The main feature of the cloud is autoscaling. Since all DOM rendering, heavy JavaScript execution, and graphics processing happen on the provider's side, the load on your local CPU and RAM trends toward zero. You can run 100 or even 500 parallel sessions from a standard laptop. The infrastructure distributes resources itself, spinning up new browser instances for your request. To anti-fraud systems, this looks like hundreds of different users logging in from different devices, even though they are controlled from a single script.

An Important Nuance About the Network Stack

There is a common misconception here: "zero load" means zero load on your server's CPU/RAM—rendering truly happens in the cloud. However, if you pull 500 threads from sites that load images, videos, and ad scripts, your network channel still has to digest the incoming data stream via WSS.

The solution is simple: use page.route() in Playwright (or its equivalent in Puppeteer) to block unnecessary resources directly on the cloud browser side, before the data is transferred to you:

await page.route('**/*.{png,jpg,jpeg,gif,svg,mp4,webp,woff2}', r => r.abort());
await page.route('**/{ads,analytics,tracking}/**', r => r.abort());

This saves both your traffic and channel bandwidth, which is especially critical when working with media-heavy sites like TikTok.

Goodbye, Overheating: Admin Time, Not CPU Cycles

You often hear: "One instance of Chromium eats RAM, the cloud saves your CPU." An engineer will reply: "So what? I have a 64-core server, I don't care about CPU, I care about profit."

The truth lies elsewhere. Shifting rendering to a BaaS saves the system administrator's and developer's time, not just hardware resources. You don't need to administer a farm of 20 servers with X11 and VMs just to stably run 500 browsers, regularly update their profiles, and monitor memory leaks.

Let's Talk Numbers: What About Latency?

Practical measurements (measured via Date.now() around a CDP command):

Operation	Local Chromium	Cloud Browser (US→US)	Cloud Browser (RU→US)
`page.goto()` + DOMContentLoaded	~180 ms	~320 ms	~580 ms
`page.click()` → response	~15 ms	~45 ms	~90 ms
`page.waitForResponse()` XHR	~200 ms	~350 ms	~620 ms

(Measurement: median of 20 runs between 14:00–16:00 UTC, target — public portal with UAM enabled, configuration: country-us, fixed sid)

The honest conclusion: the overhead of a WSS tunnel is a real ~30–100 ms per command depending on geography. For tasks where scrolling speed is paramount (mass data scraping without authorization), this matters.

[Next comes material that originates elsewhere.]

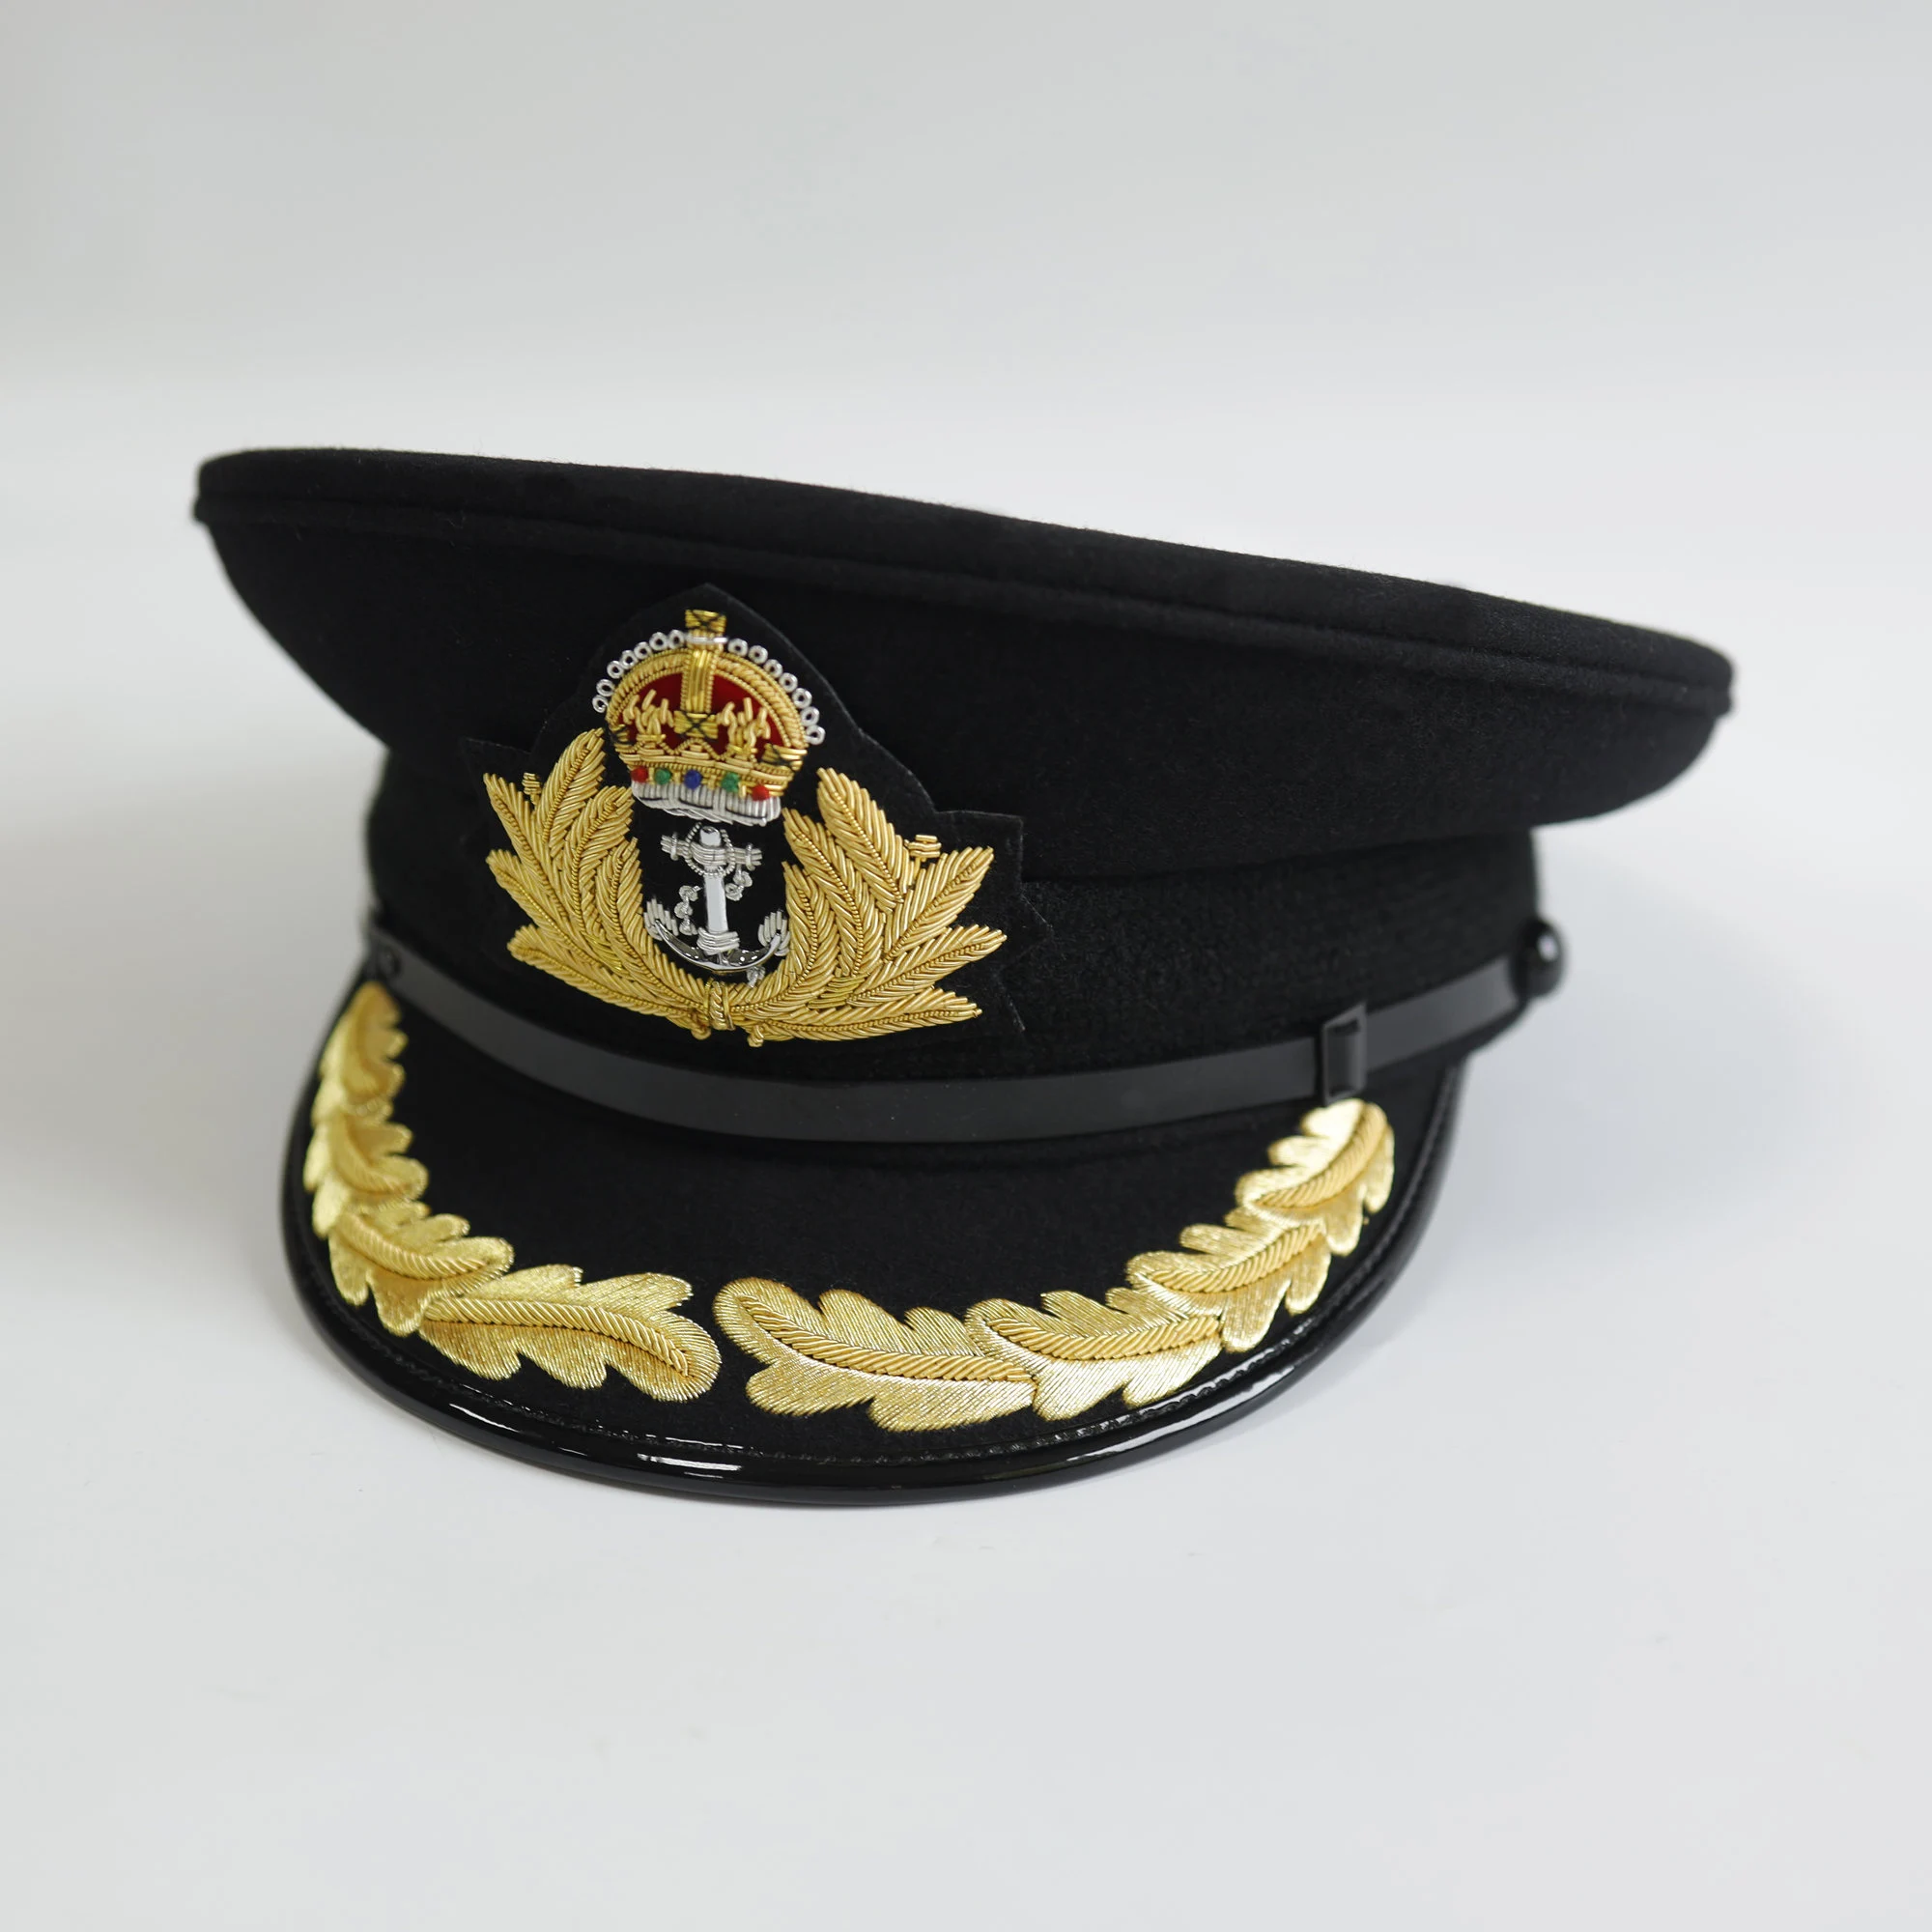 High Qualitary British Army Cap Navy Cap Headgear Wide Brim Big Lip Cap Gift Uniform Military Gift

For tasks where the "cleanliness" of bypassing anti-fraud is crucial (login, registration, cart operations), these milliseconds are not critical—you still need human-like delays between actions there anyway.

A separate scenario is Cloudflare Turnstile (a replacement for classic CAPTCHA). Unlike hCaptcha, Turnstile doesn't show the user anything visual: it silently runs a JS challenge in the background and issues a token. For a cloud browser, this means an additional 2–4 seconds on the first page.goto()—Chromium must pass the challenge before serving content. Factor this into your timeouts.

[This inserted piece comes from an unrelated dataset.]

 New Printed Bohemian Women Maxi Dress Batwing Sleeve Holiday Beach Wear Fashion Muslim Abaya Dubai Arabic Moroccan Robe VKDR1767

Code Examples: From "Hello World" to Real Tasks

Integration looks as native as possible. Instead of launching a local browser with the chromium.launch() command, we use connectOverCDP().

// Basic connection in 30 seconds
const { chromium } = require("playwright");

(async () => {
  const auth = "your_user_country-us_sid-random123:your_password";
  const endpoint = `wss://${auth}@browser.nodemaven.com`;

  console.log("Connecting to the cloud browser...");
  const browser = await chromium.connectOverCDP(endpoint);
  const page = await browser.newPage();
  
  await page.goto("https://target-website.com");
  console.log("Page title:", await page.title());

  await browser.close();
})();

Case 1: Intercepting a Hidden API Behind a Chain of Redirects

Many sites don't serve data directly—they make XHR requests to an internal API after several redirects and JS initialization. Solution: we intercept the responses with a network hook directly in the cloud browser.

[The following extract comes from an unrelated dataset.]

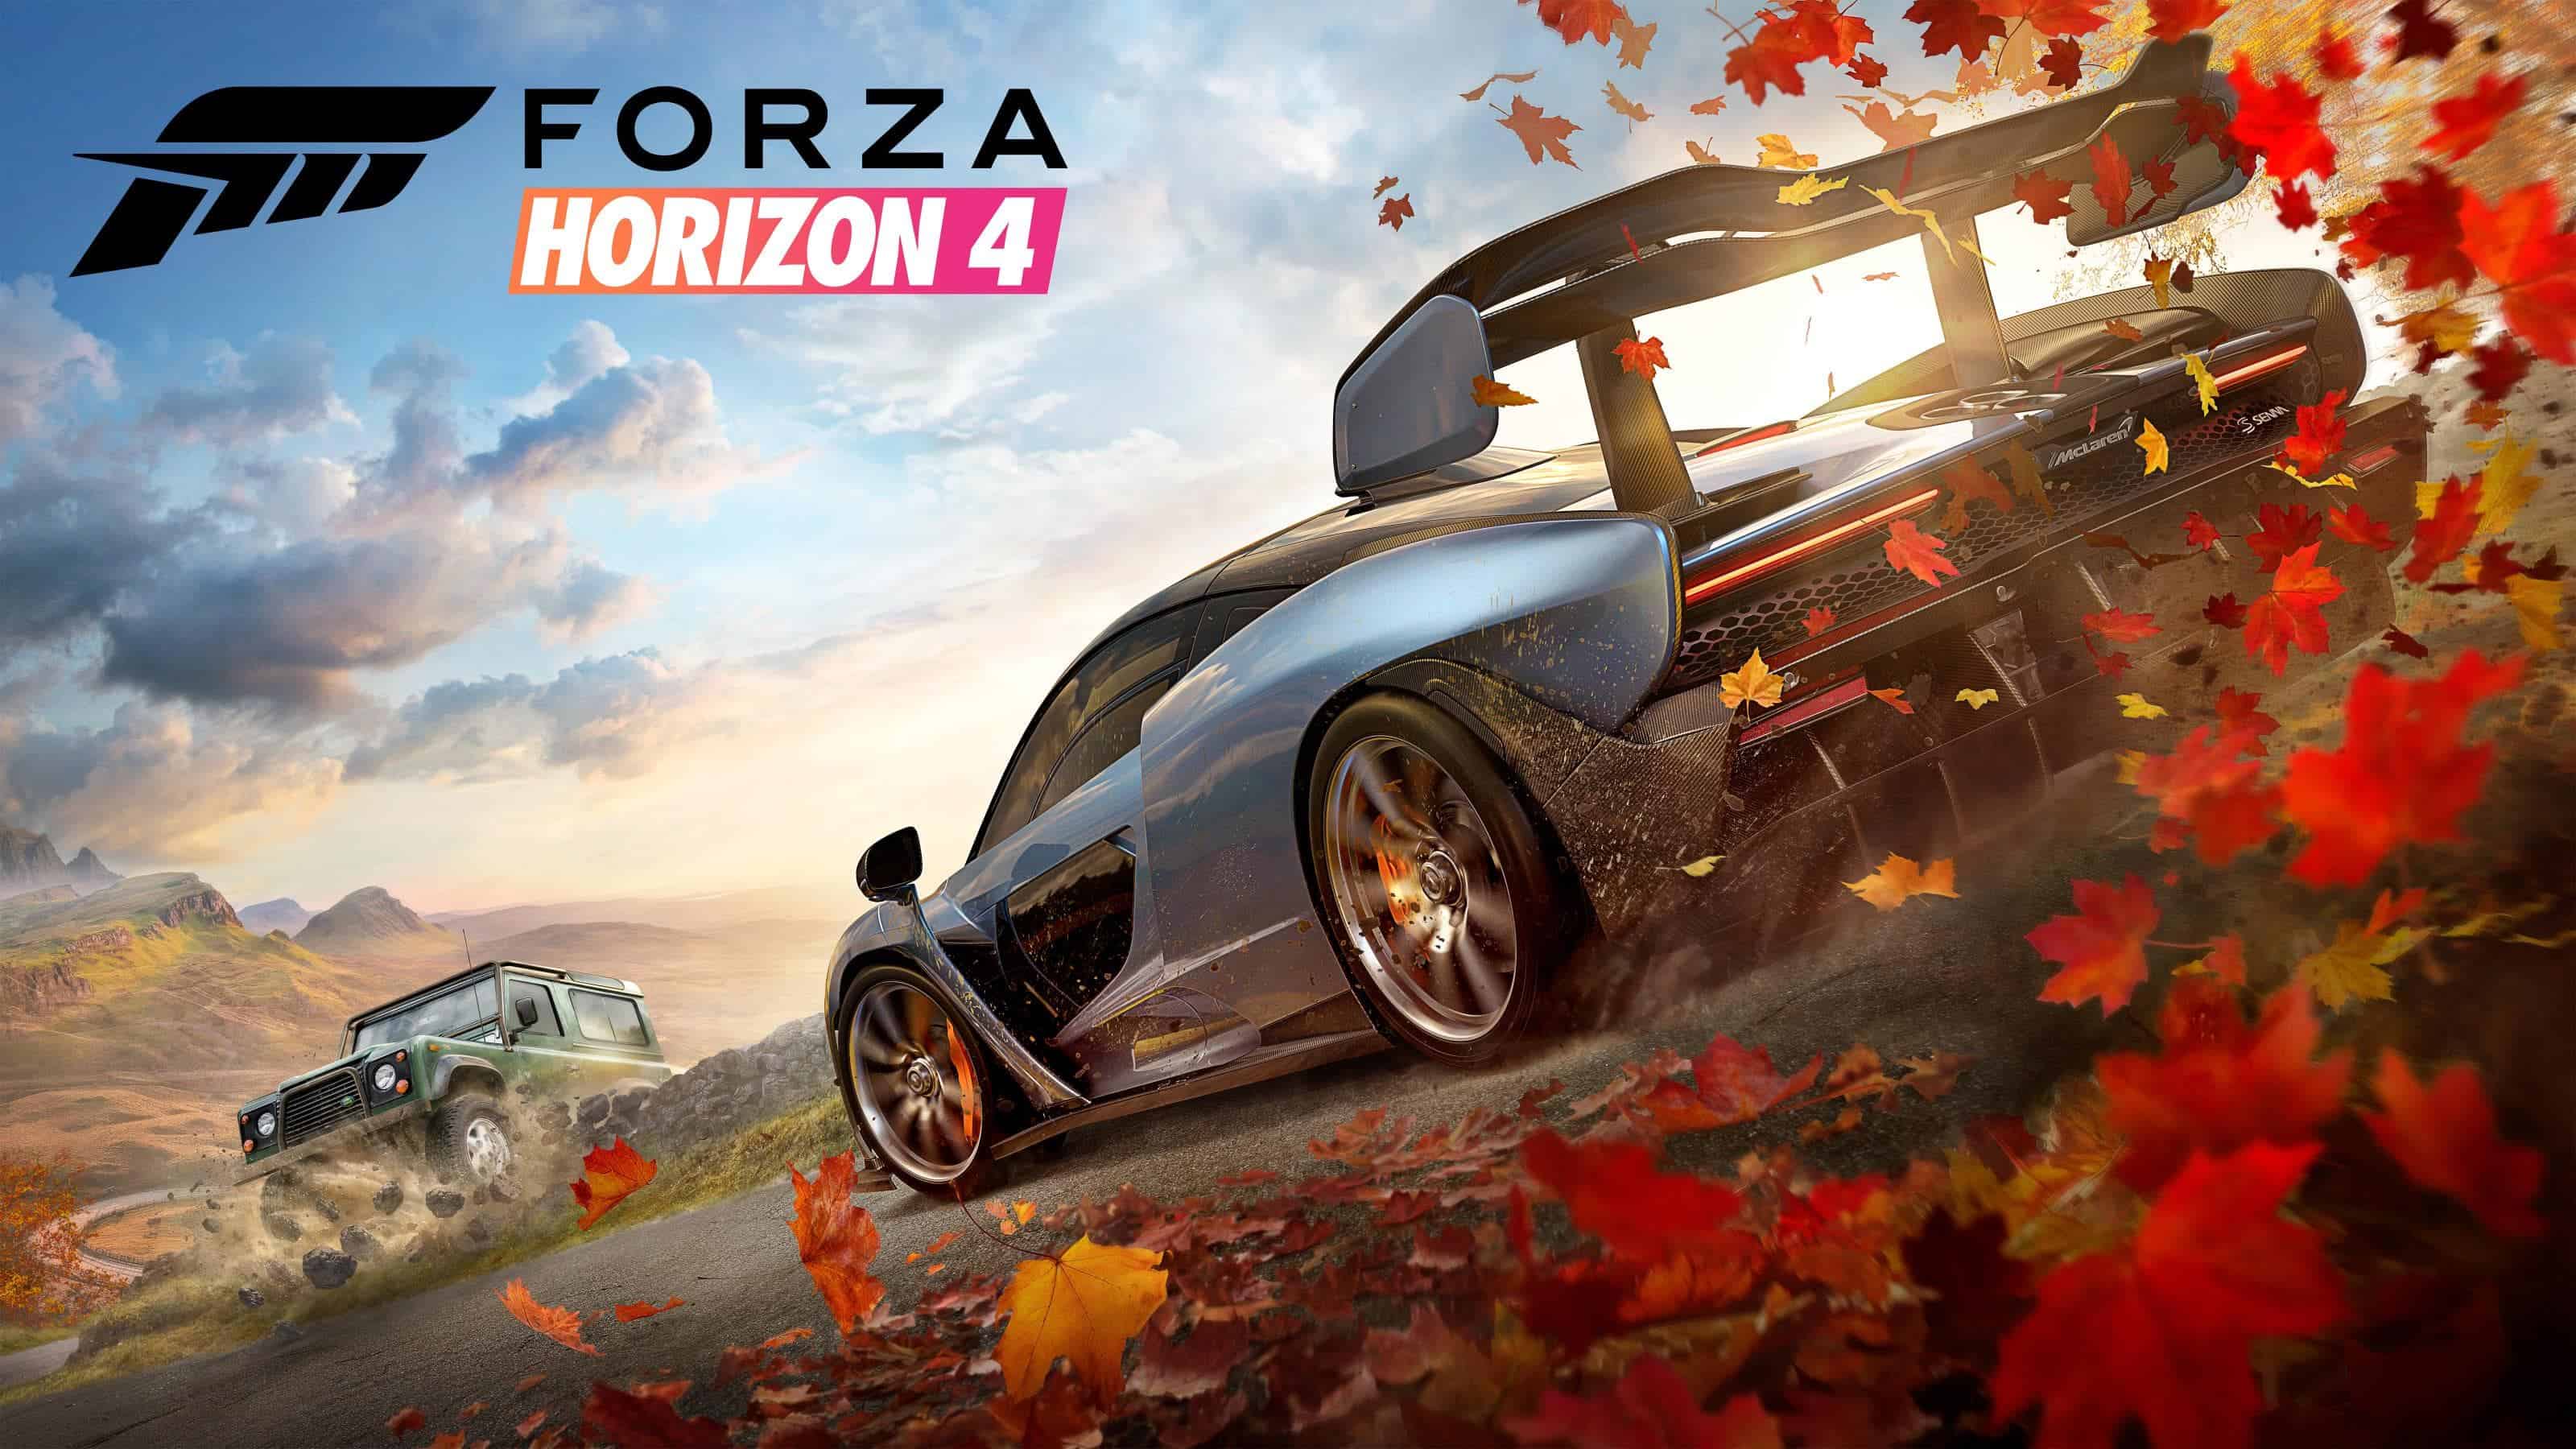 Insist Strength Sway PC Forza Horizon 4 SaveGame 746 lvl - Save File Download

// ...browser connection...

// Block unnecessary items before loading to save traffic
await page.route('**/*.{png,jpg,gif,svg,mp4,woff2}', r => r.abort());

// Intercept the target API response hiding behind JS initialization
const apiDataPromise = page.waitForResponse(
  resp => resp.url().includes('/api/v2/products') && resp.status() === 200
);

// Set custom headers to simulate a real request from the app
await page.setExtraHTTPHeaders({
  'X-Requested-With': 'XMLHttpRequest',
  'Accept-Language': 'en-US,en;q=0.9',
});

await page.goto('https://target-site.com/catalog', { waitUntil: 'networkidle' });

const apiResponse = await apiDataPromise;
const json = await apiResponse.json();
console.log('Products received:', json.items.length);

// ...close browser...

Important: Don't kill your trust with your own code. A perfect cloud profile won't save you if your script behaves like a robot. A standard await page.click('.button') in Playwright literally "teleports" the cursor to the exact geometric center of the element in 0 milliseconds in a straight line. For the L3 echelon, this is an instant detection. Always randomize click coordinates (offset) and use human-like trajectory generation libraries (Bézier curves) for mouse movement prior to clicking.

Case 2: CDP Session for Live CAPTCHA Solving

If a site throws a CAPTCHA, don't panic. Via CDP, you can pass the session URL to a human operator or a solver service, which will solve it in real-time right inside the exact same browser context.

// ...inside an async function after page.goto()...

// Create a CDP session for the current page
const cdpSession = await page.context().newCDPSession(page);

// Get the inspect link — this can be opened in local Chrome DevTools
const { frameTree } = await cdpSession.send('Page.getFrameTree');
console.log('Frame URL:', frameTree.frame.url);

// Wait for the signal of successful CAPTCHA completion
// (a human or solver opens the URL and clicks in the cloud browser)
await page.waitForFunction(() => !document.querySelector('.captcha-container'));
console.log('CAPTCHA solved, continuing...');

The fundamental difference from a local solution: the browser context already has the "correct" fingerprint from the very first byte—solving the CAPTCHA doesn't create anomalies in the behavioral track.

Combat Case: Cloudflare UAM

Objective: Automate data collection from a portal that enables UAM (Under Attack Mode) during peak hours.

Result: Raw curl is blocked instantly (JA3 mismatch). Puppeteer on server IPs passes the JS Challenge but doesn't get a cf_clearance due to the data center ASN.

Solution: Scraping Browser + residential ISP. Passes the JS Challenge in 5-7 seconds, issues the cookie, establishes the session.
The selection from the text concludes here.